Our message and intent are always the same: ANGA (Art Not Genocide Alliance) demands an end to the genocide being perpetrated by Israel against Palestinians in Gaza, and an end to the apartheid and occupation of Palestine. ANGA’s call for the exclusion of Israel—currently on trial at the International Court of Justice for plausible genocide against Palestinians in Gaza—from this year’s 60th Venice Biennale has been signed by nearly 24,000 people since 26 February 2024.
The Italian Culture Minister refused ANGA’s request; and the Biennale has failed to condemn Israel, or to exclude its pavilion while Israel commits genocide against the Palestinian people.
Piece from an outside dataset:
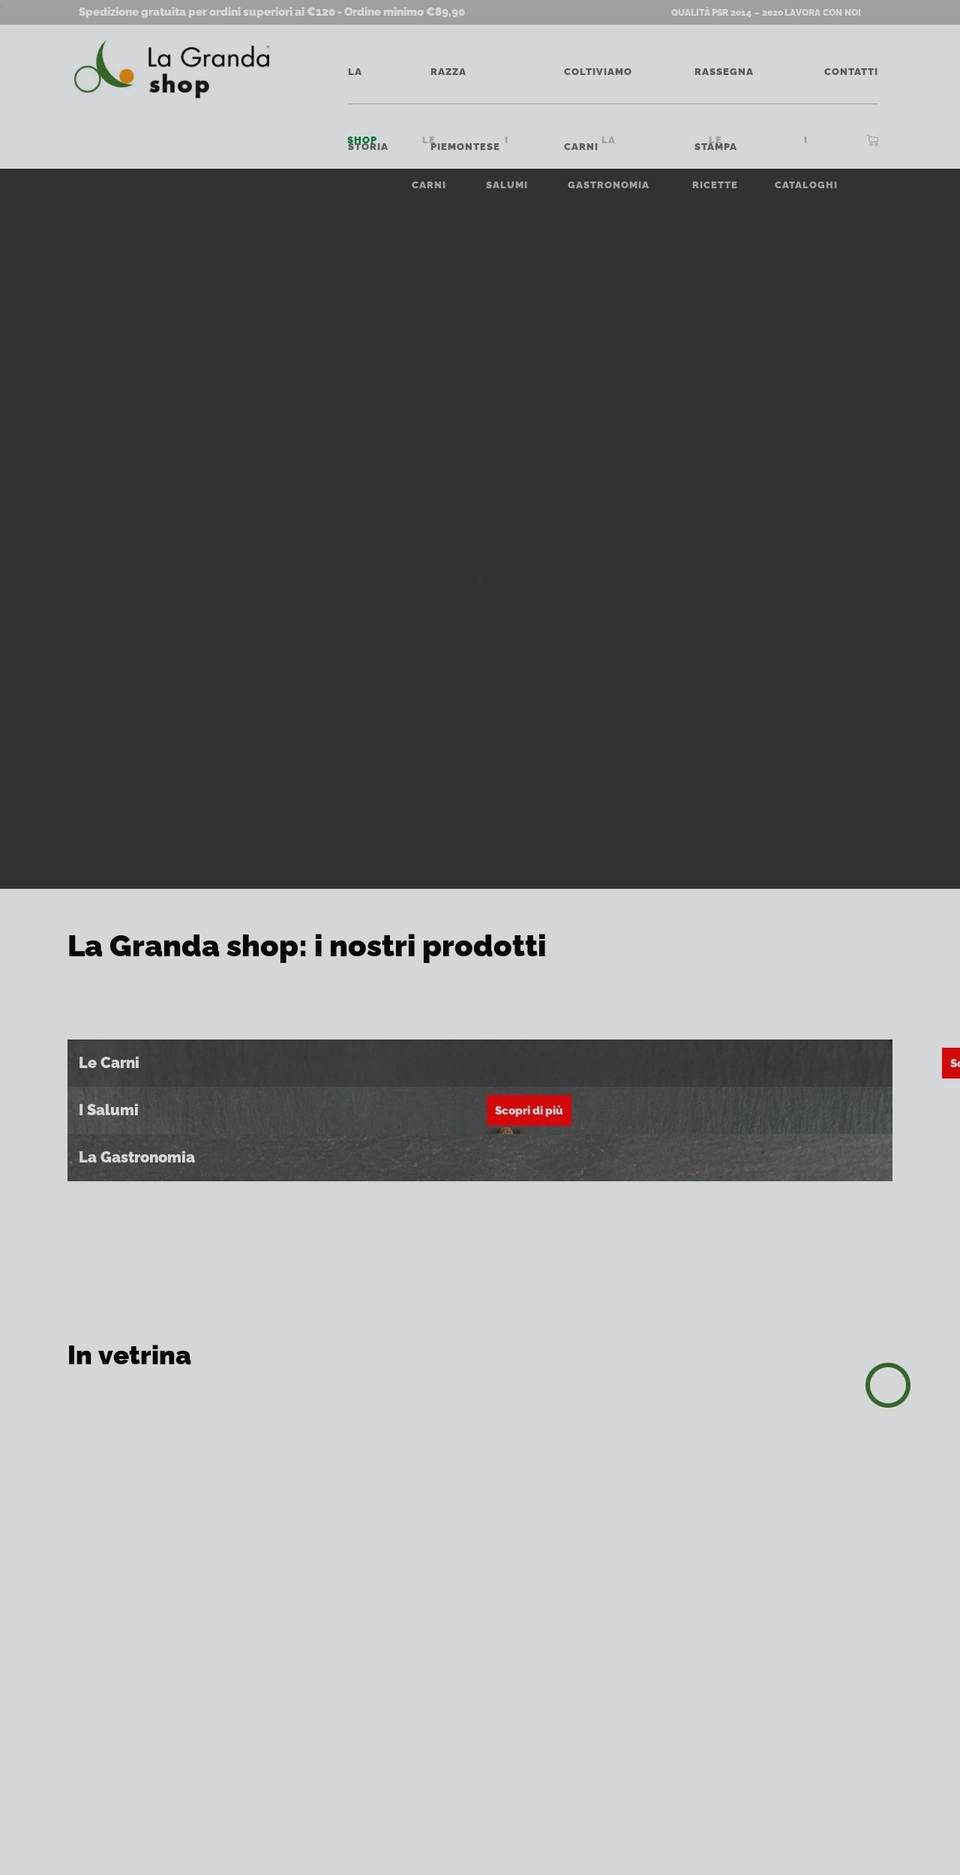 lagrandashop.it shopify website screenshot
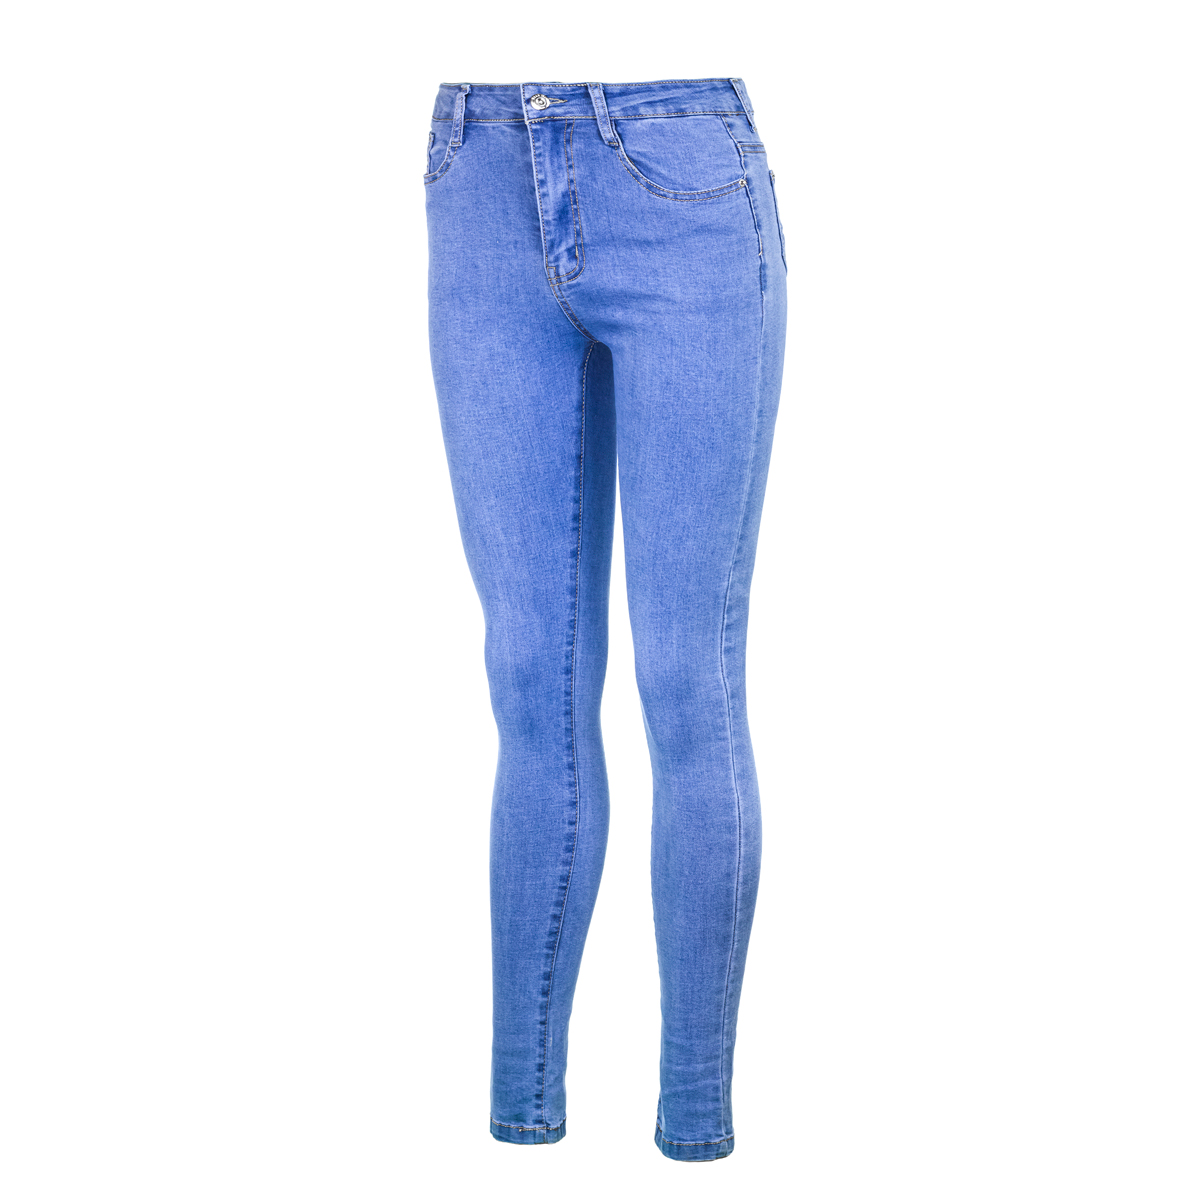 Жен. джинсы арт. 12-0155 Голубой р. 27 Китай, размер 27 - фото 2

Historically, the Biennale has excluded the exhibition of apartheid states (South Africa, 1968-1993), stood in solidarity with oppressed nations (Chile, 1974), and publicly denounced states involved in illegal military aggression (Russia, 2022). Israel should not be an exception.
On April 17th at 11.30 am, ANGA escalated its campaign, carrying out two simultaneous protests: the first outside the Israeli Pavilion, and the second on the Rialto Bridge. Inside the Giardini, hundreds of people said “no!” to the presence of a genocidal apartheid state on the world cultural stage of the Biennale, shouting: “SHUT IT DOWN! SHUT IT DOWN! SHUT IT DOWN! WE REFUSE ANYTHING LESS.” We said “no!” to genocide complicit states USA, UK, Germany and France. We stand with Strike Germany and the call to boycott the German Pavilion. We called for a total boycott of the Genocide Pavilion and demanded to shut it down entirely. We say, no window display while Israel is perpetrating genocide in Gaza. Protestors on the Rialto Bridge dropped banners bearing the words “Palestina Libera” and “Let Gaza Live”, calling for Palestinian liberation in the heart of Venice.
Throughout the day, multiple ANGA poster campaigns were activated around the city, highlighting evidence of Israel’s genocide and celebrating Palestinian artists, including Bayan Abu Nahla, Eltiqa Collective (Dina Matar, Mohammed Al Hawajri, Mohamed Abusal, and Raed Issa), Hadil Alsafadi, Hazem Harb, Khaled Hourani, Malak Mattar, Maram Ali, and Narmeen Hamadeh. And ANGA’s members distributed a free pamphlet that documents the history of protest at the Biennale and a map detailing genocide-complicit nations in the Giardini.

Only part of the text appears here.